Commemorating its 20th Anniversary, the Kihara Institute for Biological Research has sponsored the 2nd Wheat Genetics Symposium (Japan) on April 8-9, 1962, under the auspices of the National Institute of Genetics. 54 wheat specialists from 24 different institutions attended the symposium. Dr. H. KIHARA, the general chairman, pointed out the following accomplishments, as epoc - making events in wheat genetics; (1) discovery of the right chromosome numbers, (2) completion of the genome analysis, (3) discovery of D - genome species and the synthesis of 6x wheat, (4) establishment of the aneuploid series, and (5) discovery of the most probable progenitor of B - genome species.
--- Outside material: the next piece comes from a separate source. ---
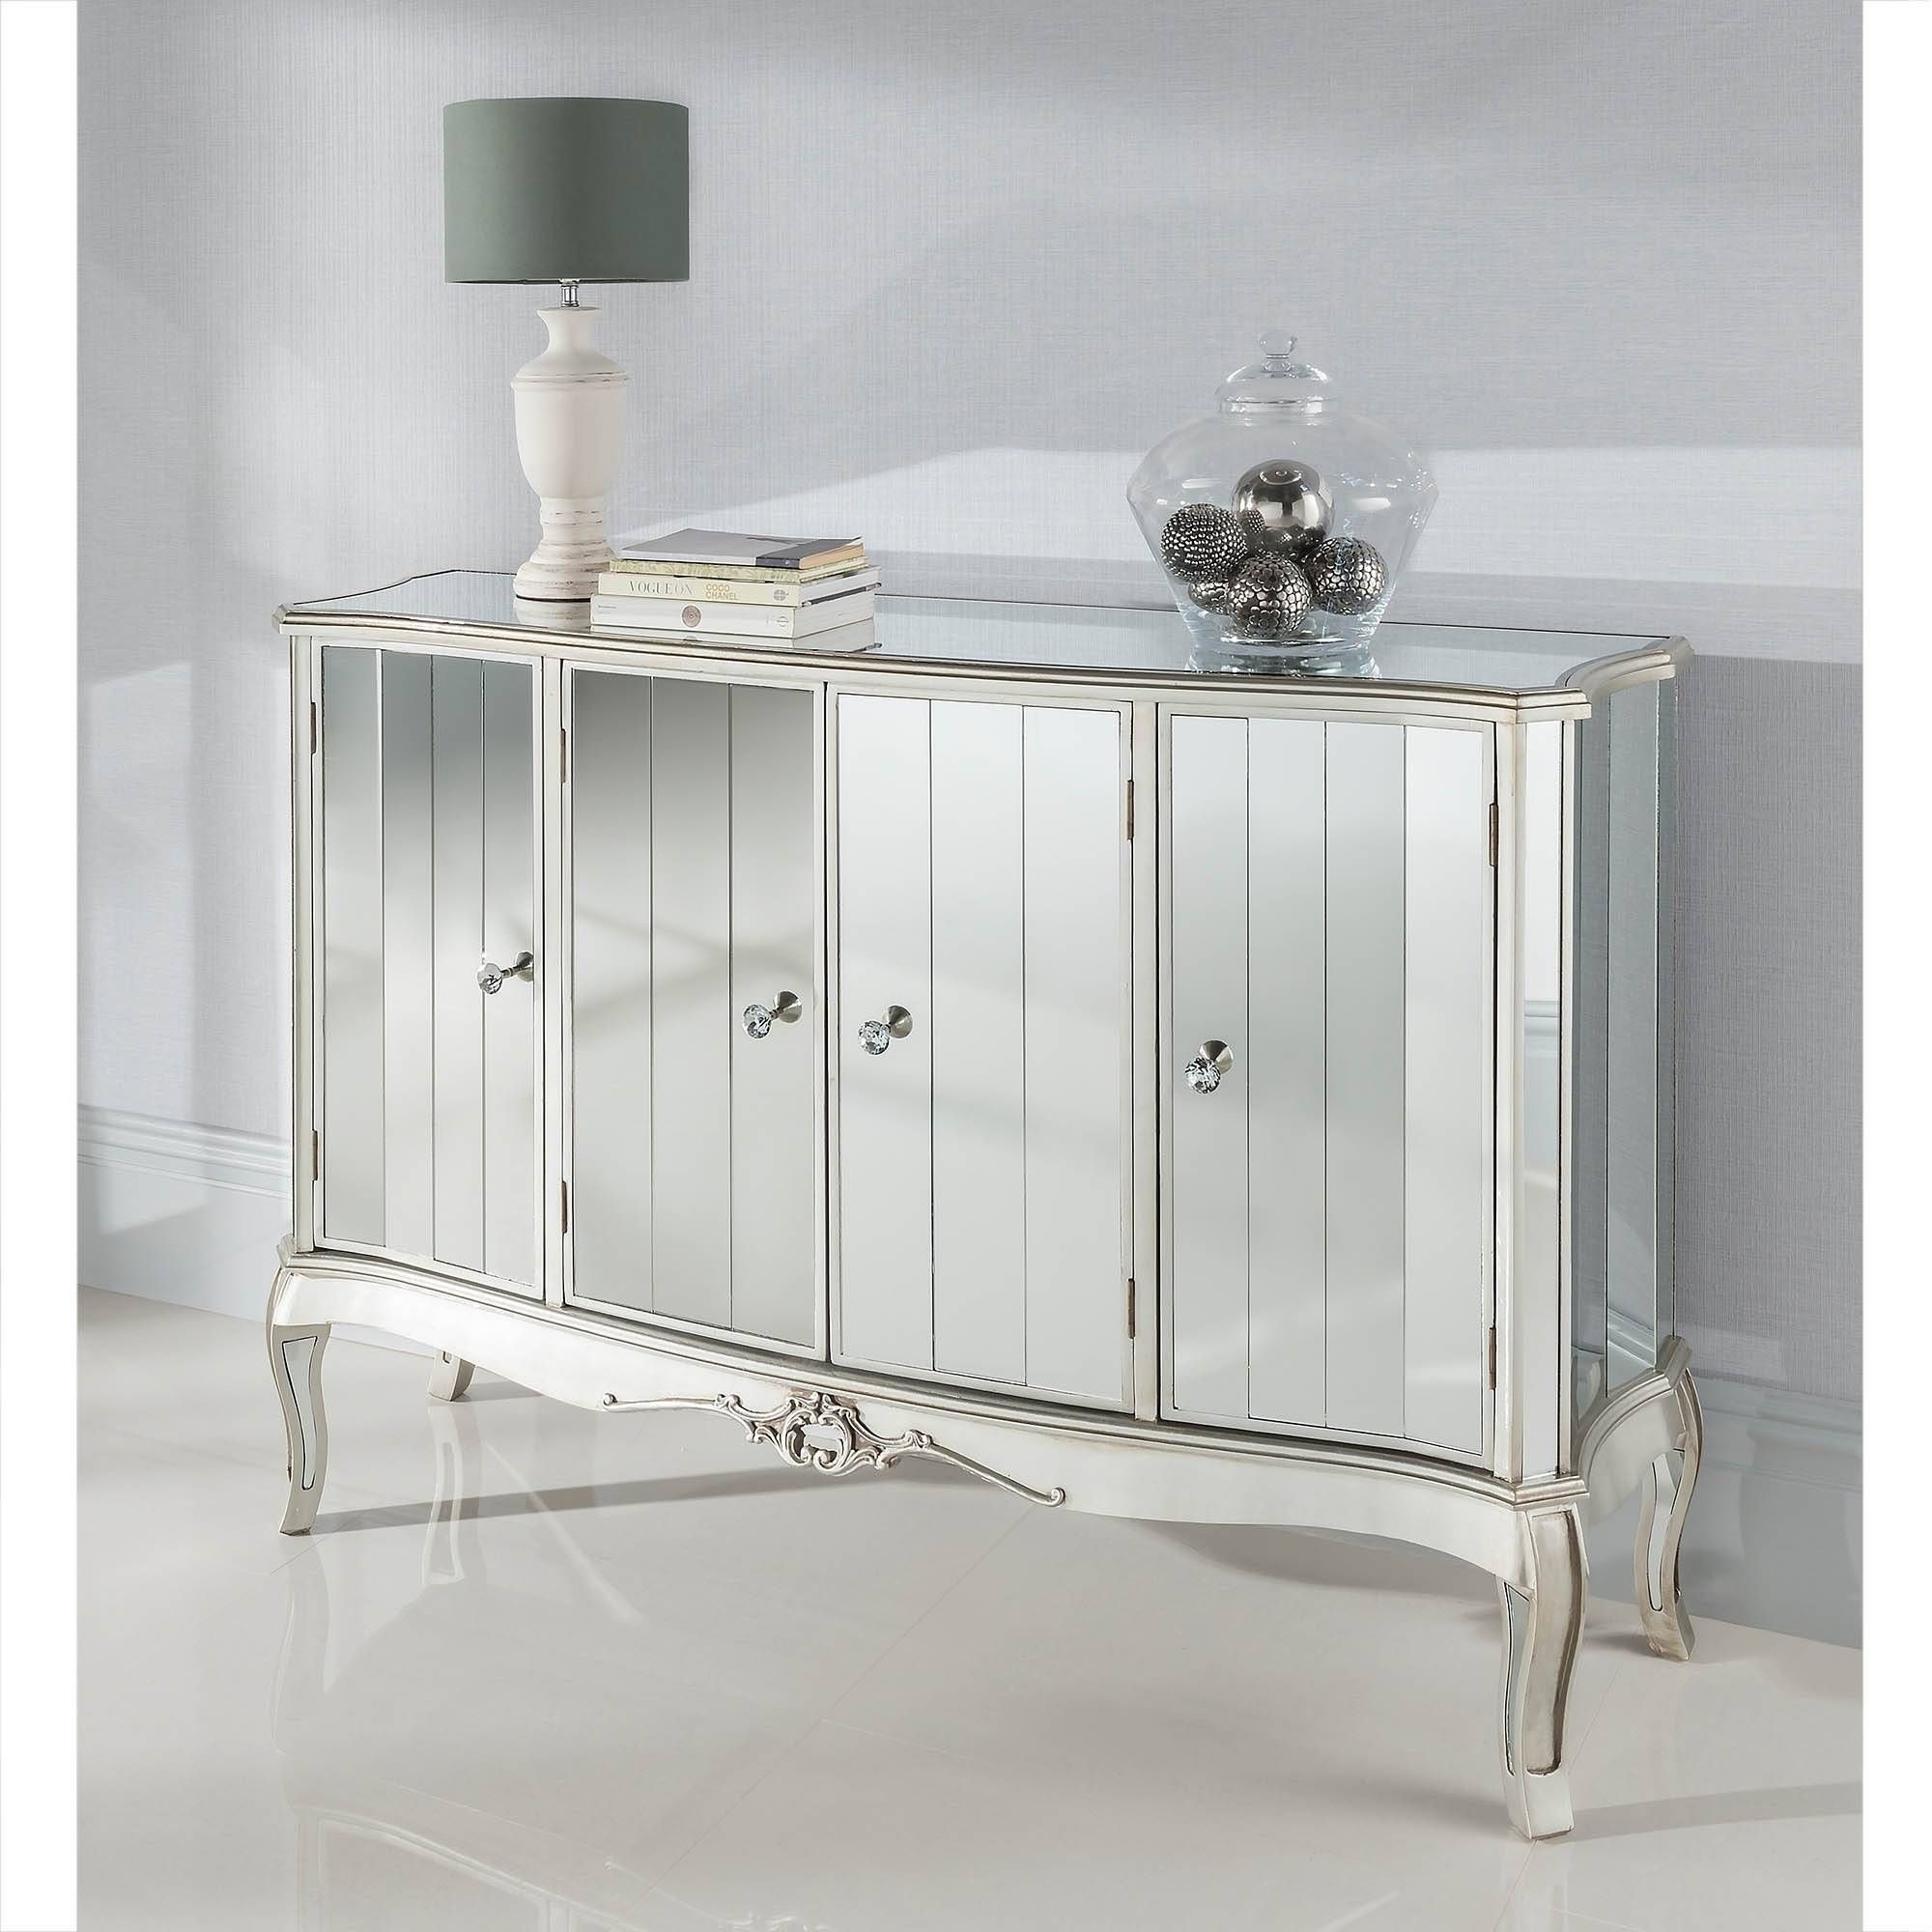 Argente Mirrored Four Door Sideboard | Mirrored Furniture Inside Mirrored Sideboard (Photo 8 of 20)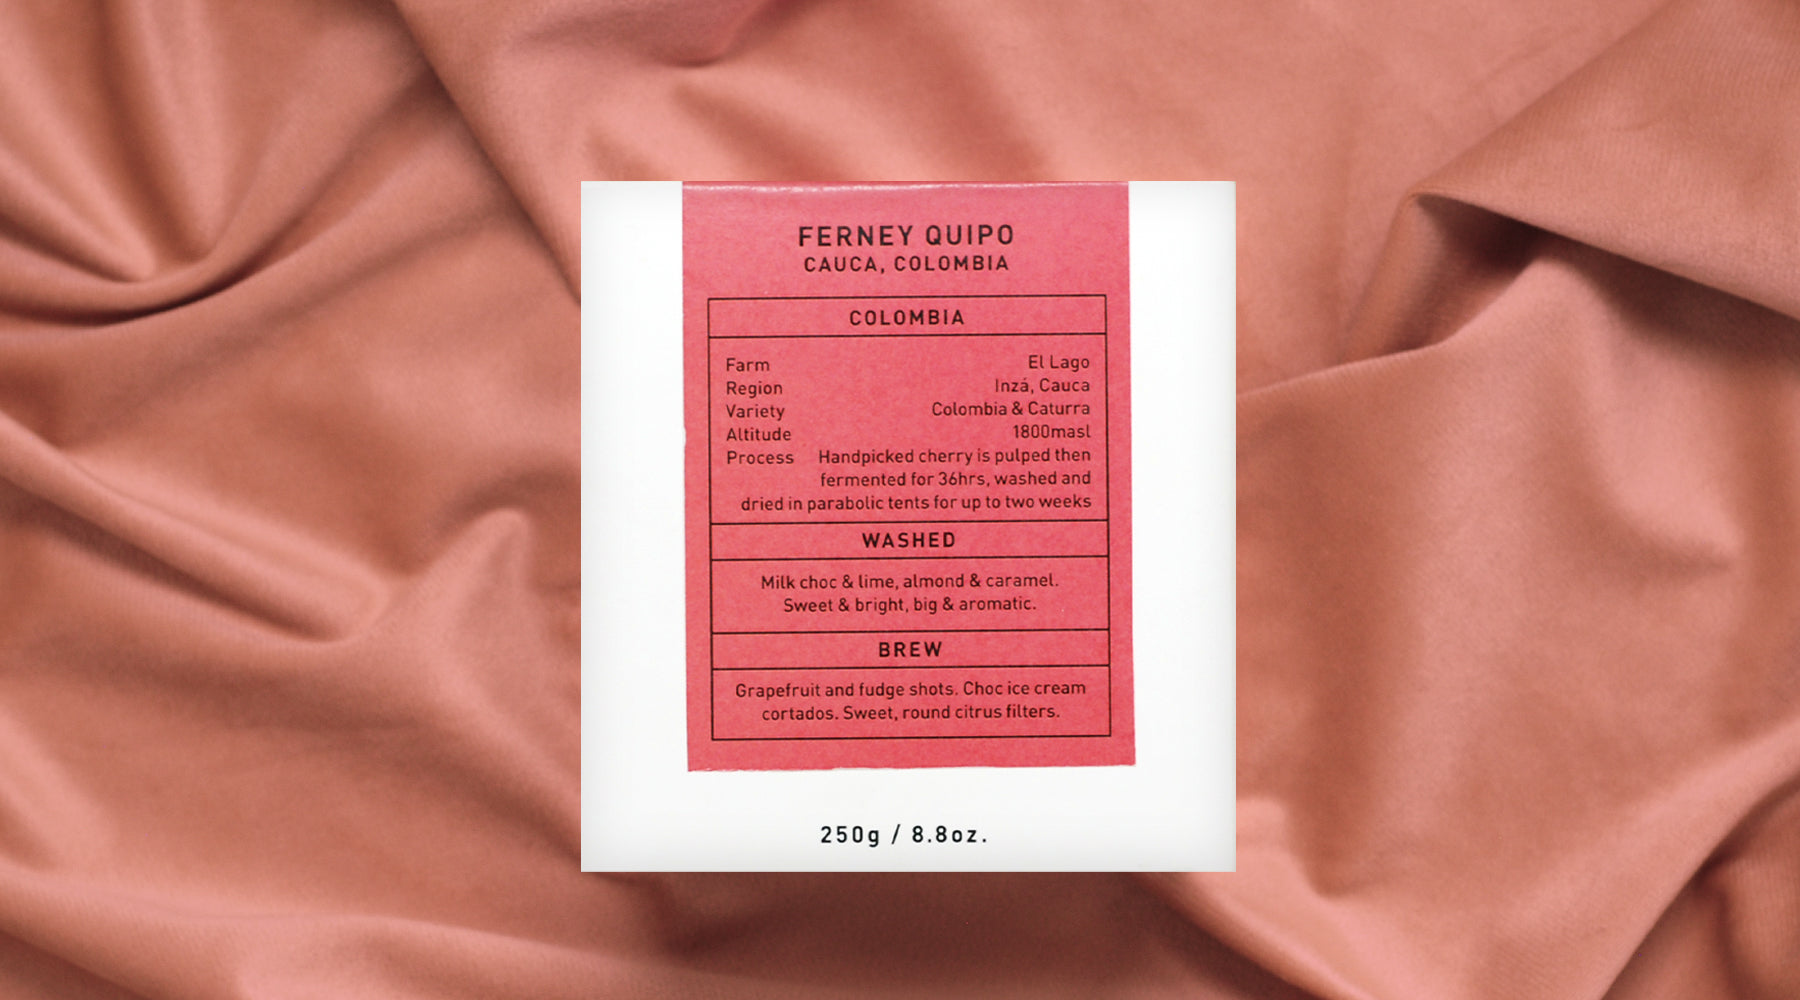 Ferney Quipo, Washed, Cauca

He asked all attendants to make use of this occasion for exchanging and creating new ideas in order to promote wheat genetics and, especially, to prepare for the 2nd International Wheat Genetics Symposium held in 1963.

Biochemical mechanism of pollen abortion and other alterations in cytoplasmic male-sterile wheat

H. FUKASAWA

Biological Institute, Faculty of Science, Kobe University, Japan

In the male - sterile strain, already described, plants with 14 bivalents from Triticum durum and one extra - chromosome from ovata genome (abbreviation, 14II + 1I - plant) produce good pollen grains, showing nearly normal pollen - fertility, like that of normal fertile durum plants. Accordingly, all 14 - or 15- chromosome pollen grains are functional, irrespective of the presence or absence of an extra - chromosome. Therefore, it may be said that the extra - chromosome exerts its effect only in the sporophyte - not in the male - gametophyte. Further, male - sterile durum plants grown in a glass - house in winter give much smaller anthers than in the field in a normal season. From these findings, it is considered that the cytoplasmic effect on pollen degeneration exists also in the sporophyte including the tapetum, in the first place, --- not in the gametophyte, although GABELMAN (1949) described in his study of cytoplasmic partial male - sterility in maize that a cytoplasmic particle exerts its effect only in the developing gametophyte. Thus, it is assumed in male - sterile wheat that some nutritive substances of microspores fail to be produced in the vegetative tissue or that no transmission from the tapetum to microspores takes place in the anthers (FUKASAWA 1959).